Data block:
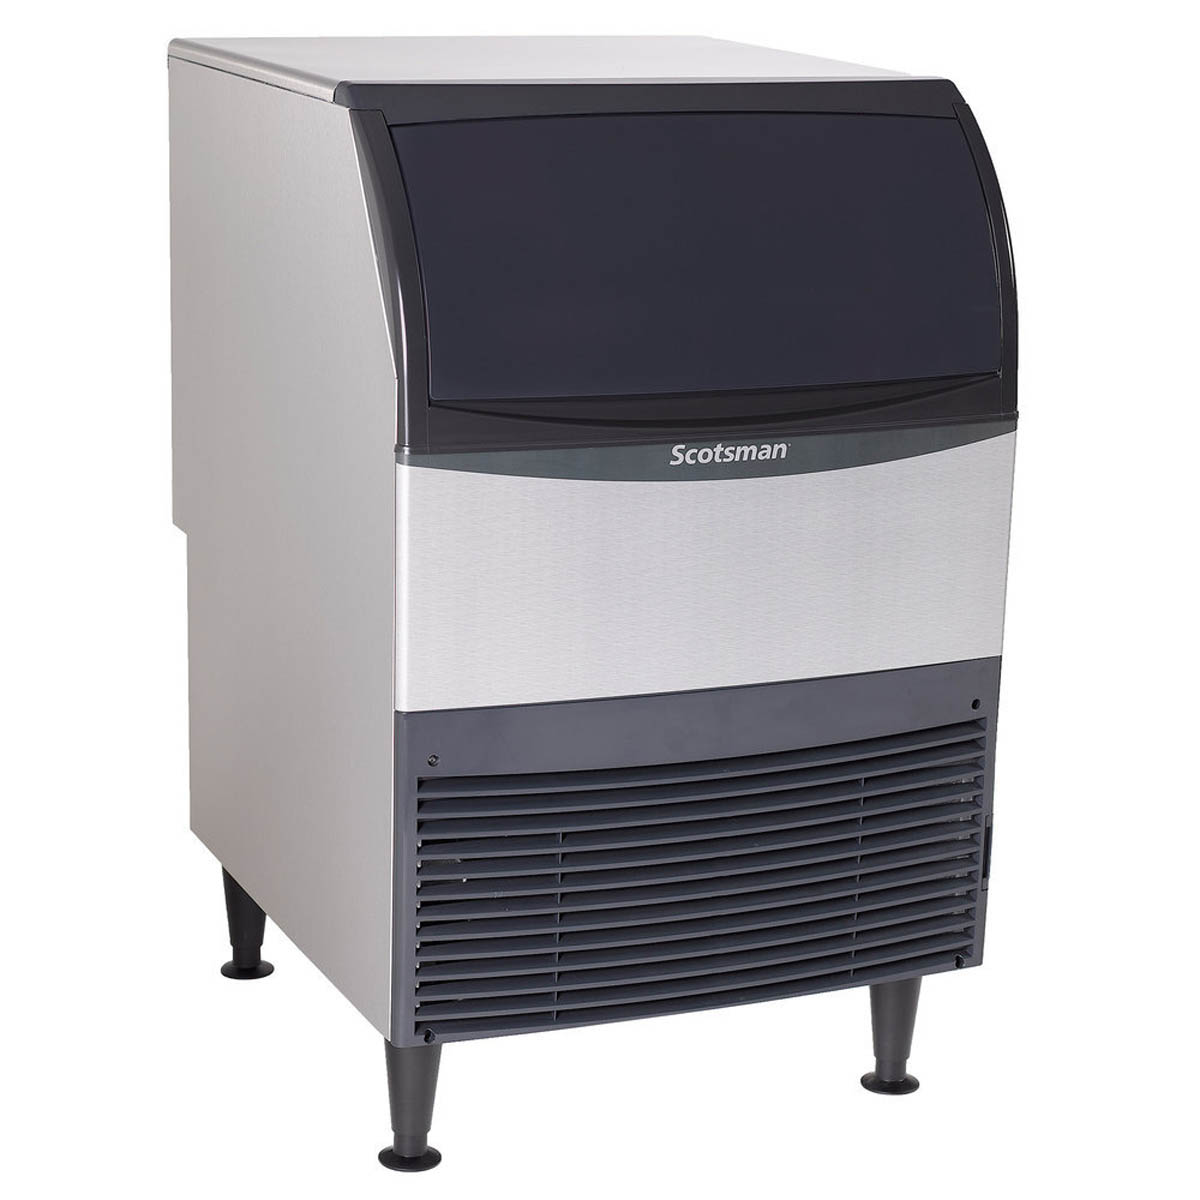 Scotsman UN324W-1 Provides Soft and Slow Melting For Your Service and Displays, Chef's Deal
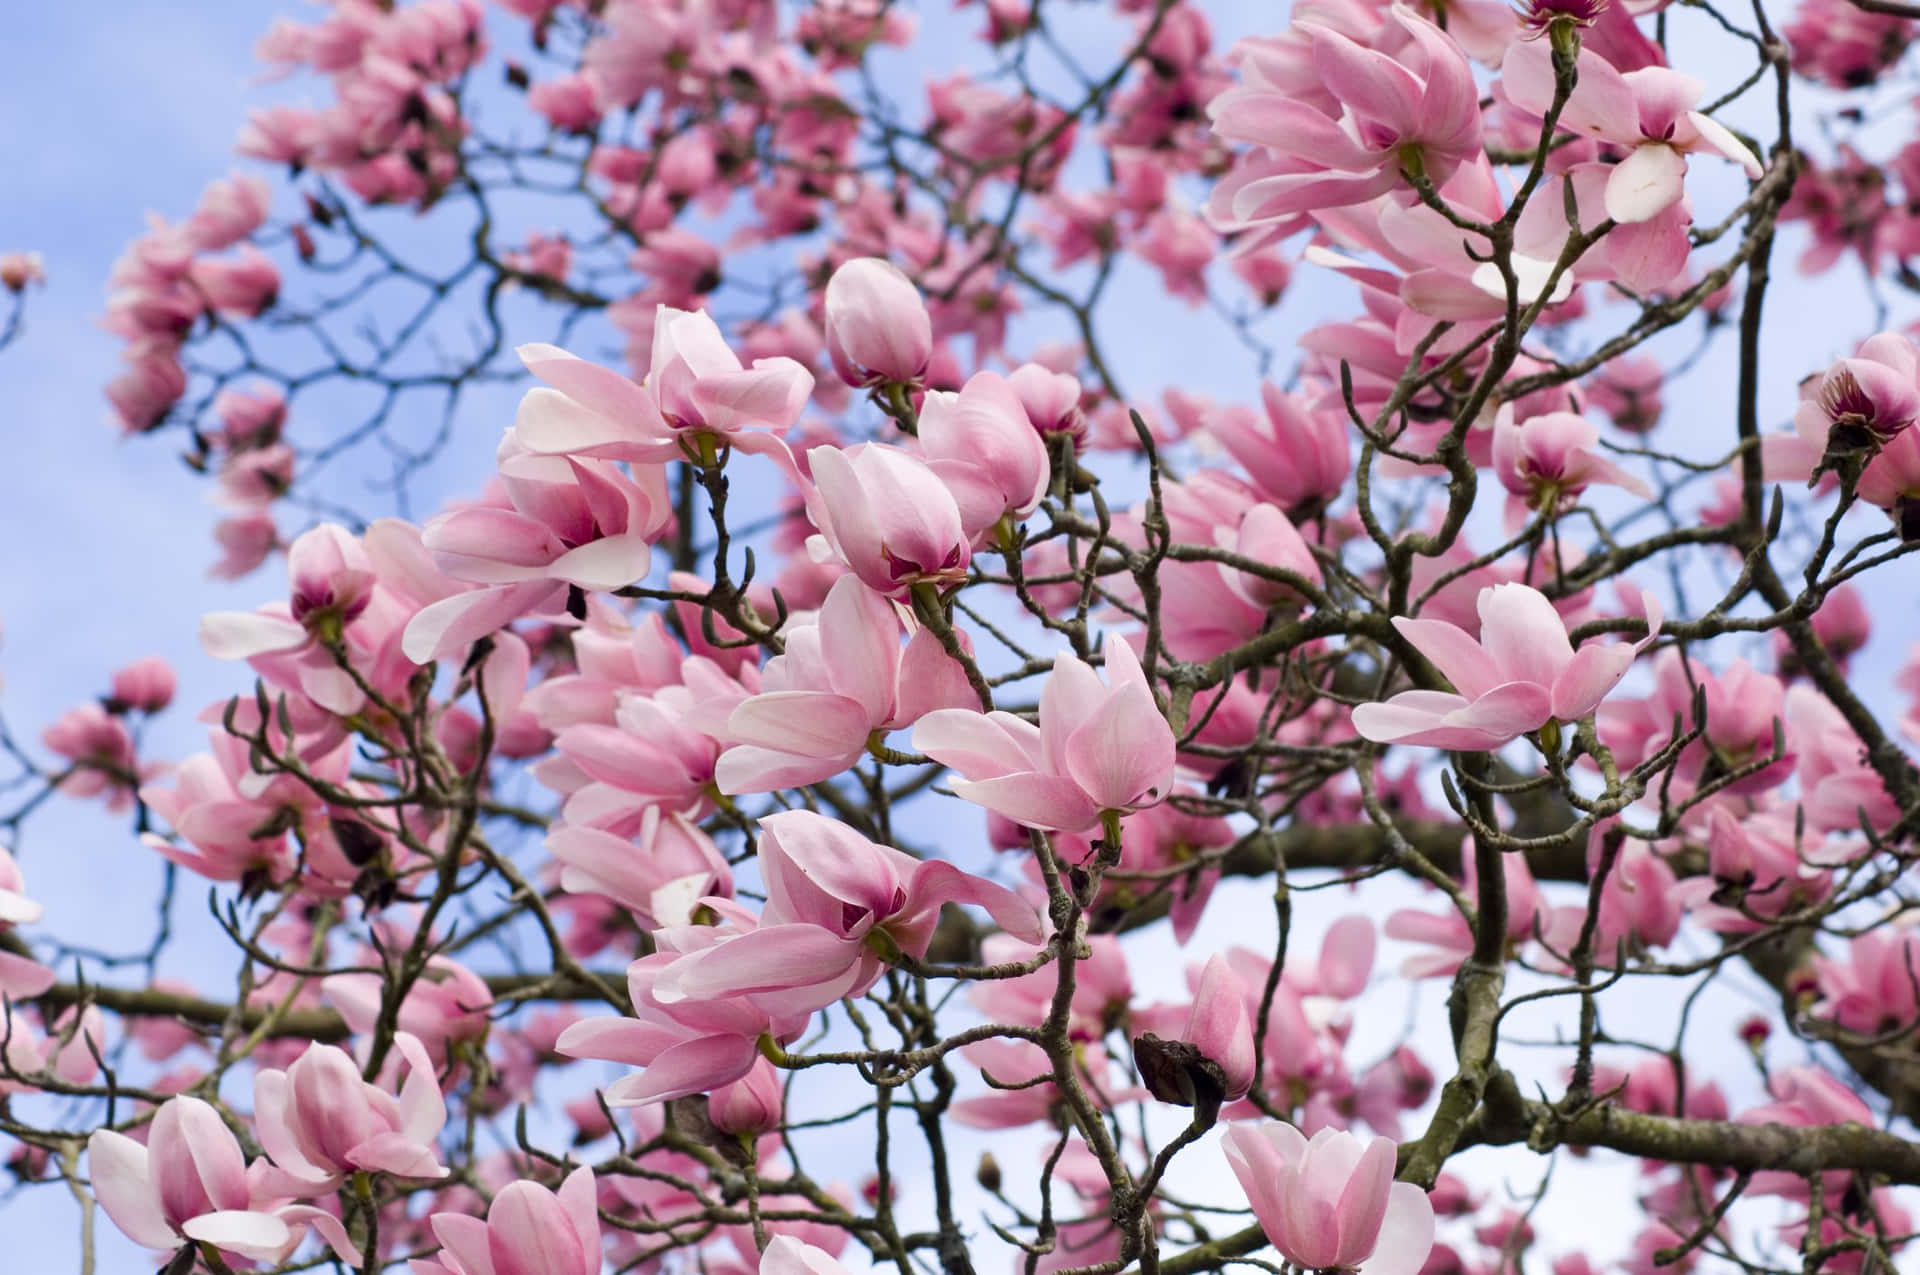 A pink magnolia flower in full bloom
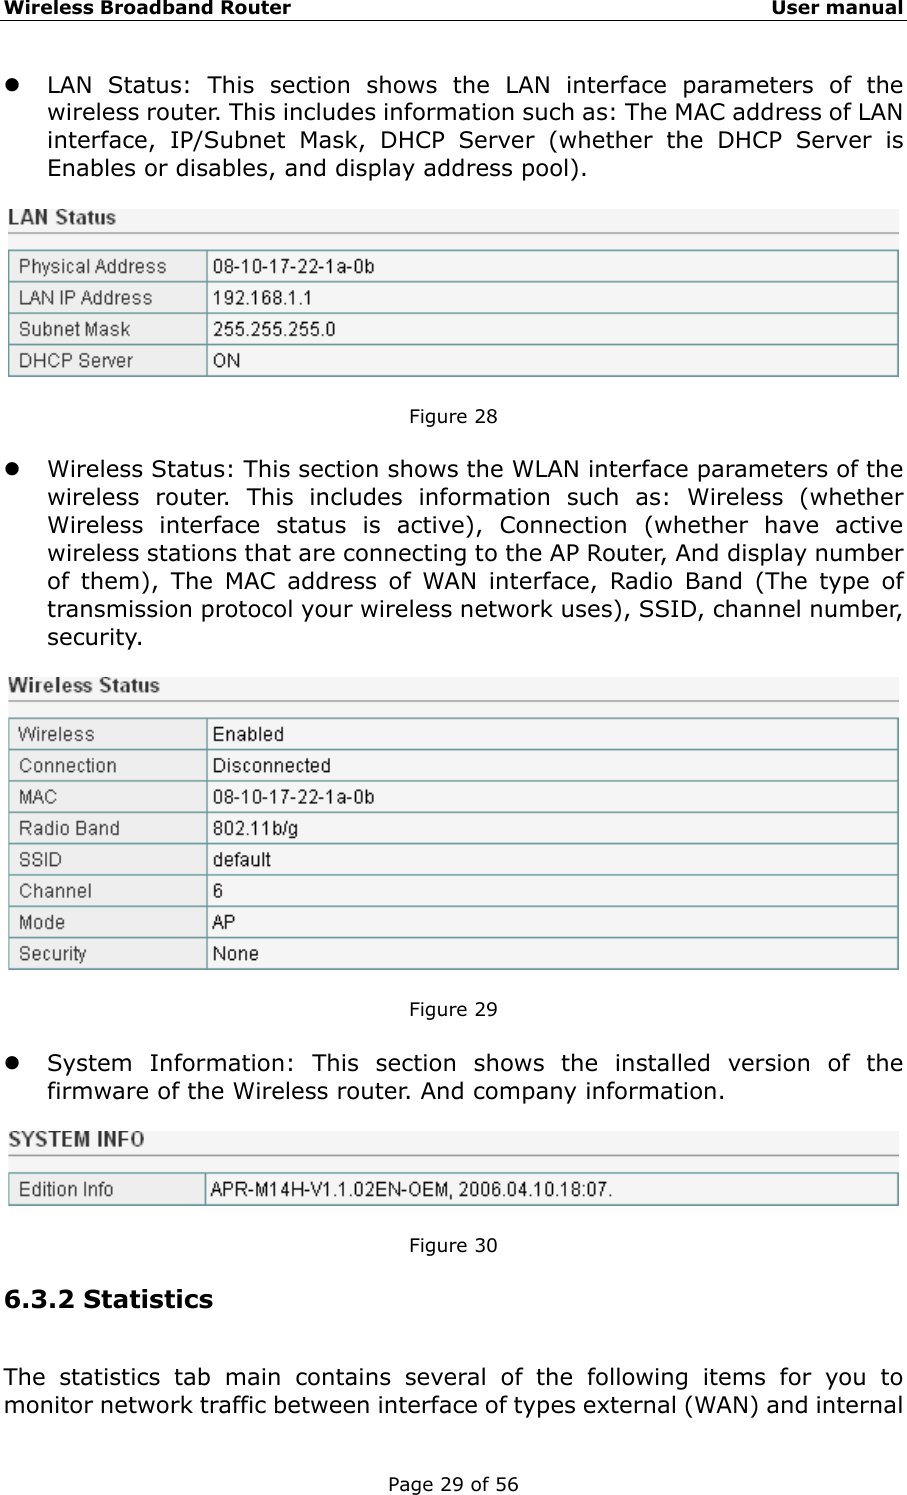 Wireless Broadband Router                                                   User manual Page 29 of 56 z LAN Status: This section shows the LAN interface parameters of the wireless router. This includes information such as: The MAC address of LAN interface, IP/Subnet Mask, DHCP Server (whether the DHCP Server is Enables or disables, and display address pool).    Figure 28  z Wireless Status: This section shows the WLAN interface parameters of the wireless router. This includes information such as: Wireless (whether Wireless interface status is active), Connection (whether have active wireless stations that are connecting to the AP Router, And display number of them), The MAC address of WAN interface, Radio Band (The type of transmission protocol your wireless network uses), SSID, channel number, security.    Figure 29  z System Information: This section shows the installed version of the firmware of the Wireless router. And company information.    Figure 30 6.3.2 Statistics The statistics tab main contains several of the following items for you to monitor network traffic between interface of types external (WAN) and internal

What to work on: Leaving the pictures out, output each line of the listing exactly.

Answer:
 Scotsman UN324W-1 Provides Soft and Slow Melting For Your Service and Displays, Chef's Deal
 A pink magnolia flower in full bloom
 Wireless Broadband Router                                                   User manual Page 29 of 56 z LAN Status: This section shows the LAN interface parameters of the wireless router. This includes information such as: The MAC address of LAN interface, IP/Subnet Mask, DHCP Server (whether the DHCP Server is Enables or disables, and display address pool).    Figure 28  z Wireless Status: This section shows the WLAN interface parameters of the wireless router. This includes information such as: Wireless (whether Wireless interface status is active), Connection (whether have active wireless stations that are connecting to the AP Router, And display number of them), The MAC address of WAN interface, Radio Band (The type of transmission protocol your wireless network uses), SSID, channel number, security.    Figure 29  z System Information: This section shows the installed version of the firmware of the Wireless router. And company information.    Figure 30 6.3.2 Statistics The statistics tab main contains several of the following items for you to monitor network traffic between interface of types external (WAN) and internal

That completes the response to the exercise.